Incredibly, Saba was unconscious but alive. She had jerked her head as the gun went off, and the bullet tore through the left side of her face but didn’t kill her. The river water revived her, and she clawed her way out of the sack and crawled onto land. She staggered toward a gasoline station, and someone called for help.
About every 90 minutes, an honor killing unfolds somewhere in the world, usually in a Muslim country. Pakistan alone has more than 1,000 a year, and the killers often go unpunished.
Watching the documentary about Saba, “
A Girl in the River: The Price of Forgiveness,” I kept thinking that just as in the 19th century the central moral challenge for the world was slavery, and in the 20th century it was totalitarianism, in this century the foremost moral issue is the abuse and oppression that is the lot of so many women and girls around the world.
I don’t know whether “A Girl in the River” will win an Oscar in its category, short subject documentary, but it is already making a difference. Citing the film, Prime Minister Nawaz Sharif of Pakistan has
promised to change the country’s laws so as to crack down on honor killings.
Saba’s story underscores how the existing law lets people literally get away with murder when honor is the excuse. After doctors saved Saba’s life — as police officers guarded the door so her father didn’t return to finish the job — she was determined to prosecute her father and uncle.
“They should be shot in public in an open market,” she told the filmmaker, Sharmeen Obaid-Chinoy, “so that such a thing never happens again.”
The police arrested Saba’s father, Maqsood, and the uncle, Muhammad, and their defense was that they did the right thing.
“She took away our honor,” Maqsood said from his jail cell. “If you put one drop of piss in a gallon of milk, the whole thing gets destroyed. That’s what she has done. … So I said, ‘No, I will kill you myself.’”
Maqsood said that after shooting Saba he went home and told his wife, “I have gone and killed your daughter.” He added: “My wife cried. What else could she do? I am her husband. She is just my wife.”
Perpetrators of honor killings often are not prosecuted because Pakistani law allows families of victims to forgive a killing. So a man kills his daughter, the rest of the family forgives him, and he’s off the hook.
Tremendous pressure was applied to Saba by community elders to pardon her father and uncle. In the end, her husband’s older brother — the head of her new family — told her to forgive and move on. “There is no other way,” he said. “We have to live in the same neighborhood.”
Saba complied, and her father and uncle were released from prison. “After this incident, everyone says I am more respected,” her father boasted. “I can proudly say that for generations to come none of my descendants will ever think of doing what Saba did.” The families still live near each other, although the father insists he will not try again to kill Saba.
“I wanted to start a national discourse about the issue,” says
Obaid-Chinoy, the film’s director. “Until we send people to jail and make examples of them, honor killings will continue.”

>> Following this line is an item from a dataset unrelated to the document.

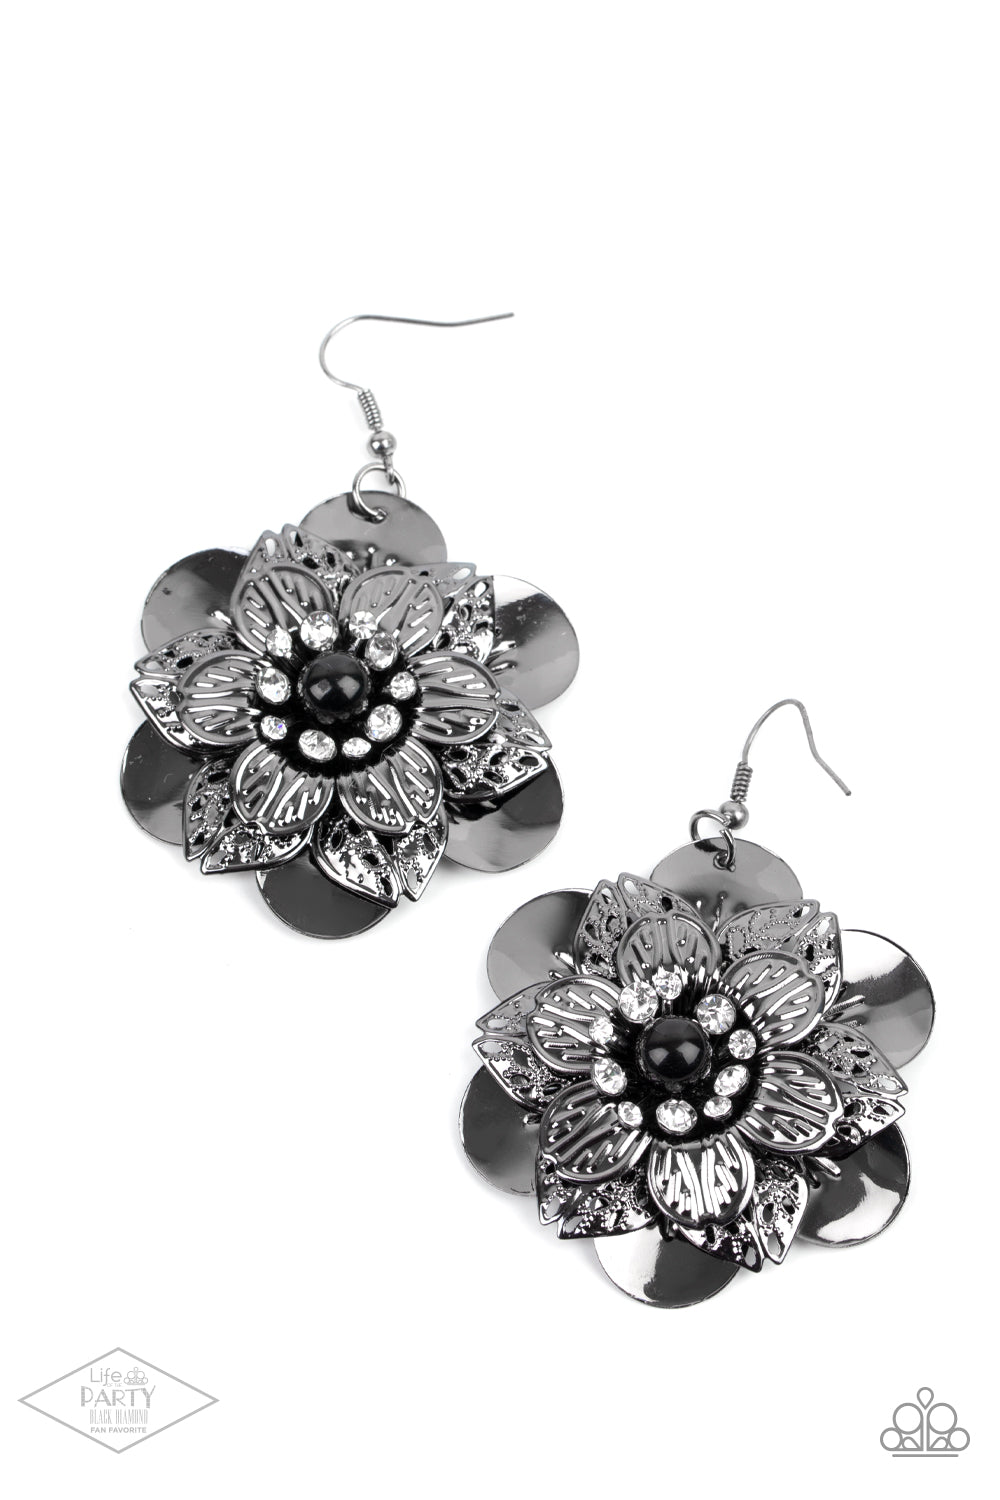 Midnight Garden Black Flower Earring - Paparazzi Accessories. Sleek gunmetal petals with a variety of textures are layered to create a dramatic flower. A single black bead bordered by a ring of rhinestones anchors the design while adding unmatched sparkle.  All Paparazzi Accessories are lead free and nickel free!  Sold as one pair of earrings. This Fan Favorite is back in the spotlight at the request of our 2020 Life of the Party member with Black Diamond Access, Monica C.
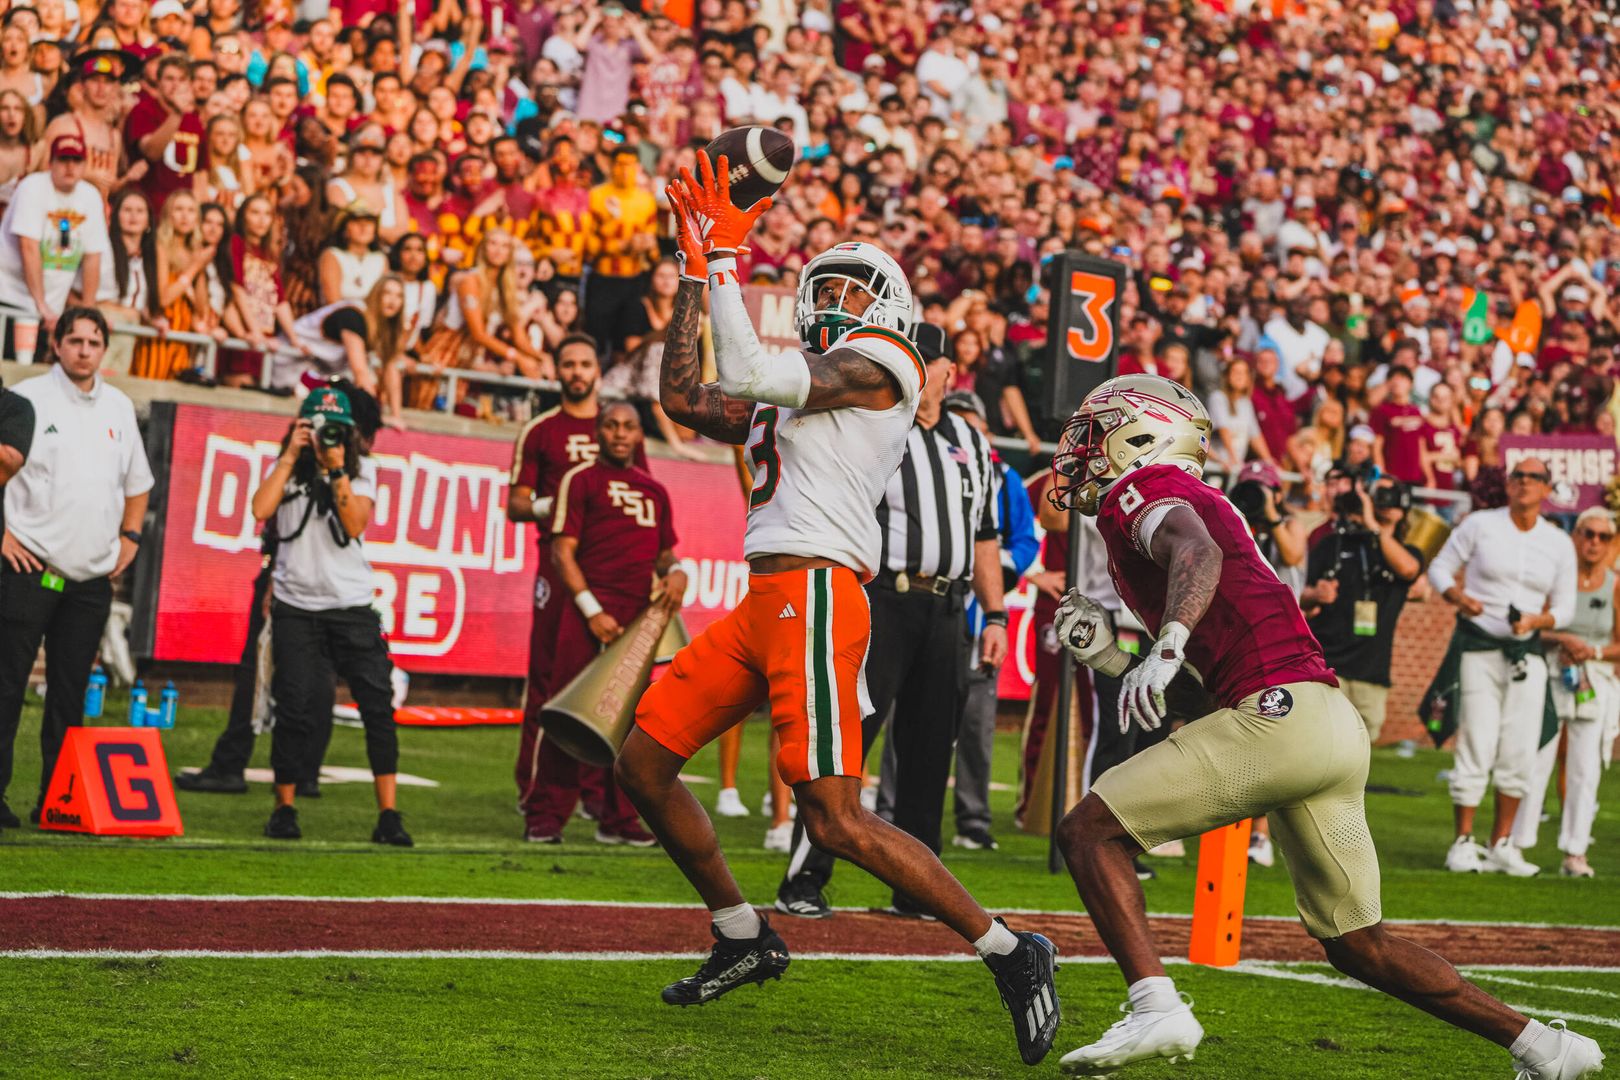 Noles Outlast Canes in Tallahassee

Since 9/11, the United States has spent billions of dollars reshaping Afghanistan and Pakistan with the military toolbox; I suspect we would have achieved more if we had relied to a greater extent on the education and women’s empowerment toolboxes.
A starting point would be to encourage governments to protect teenage girls from fathers who want to murder them. Chipping away at this broad pattern of gender injustice is in the interest of all of us. It is our century’s great unfinished business.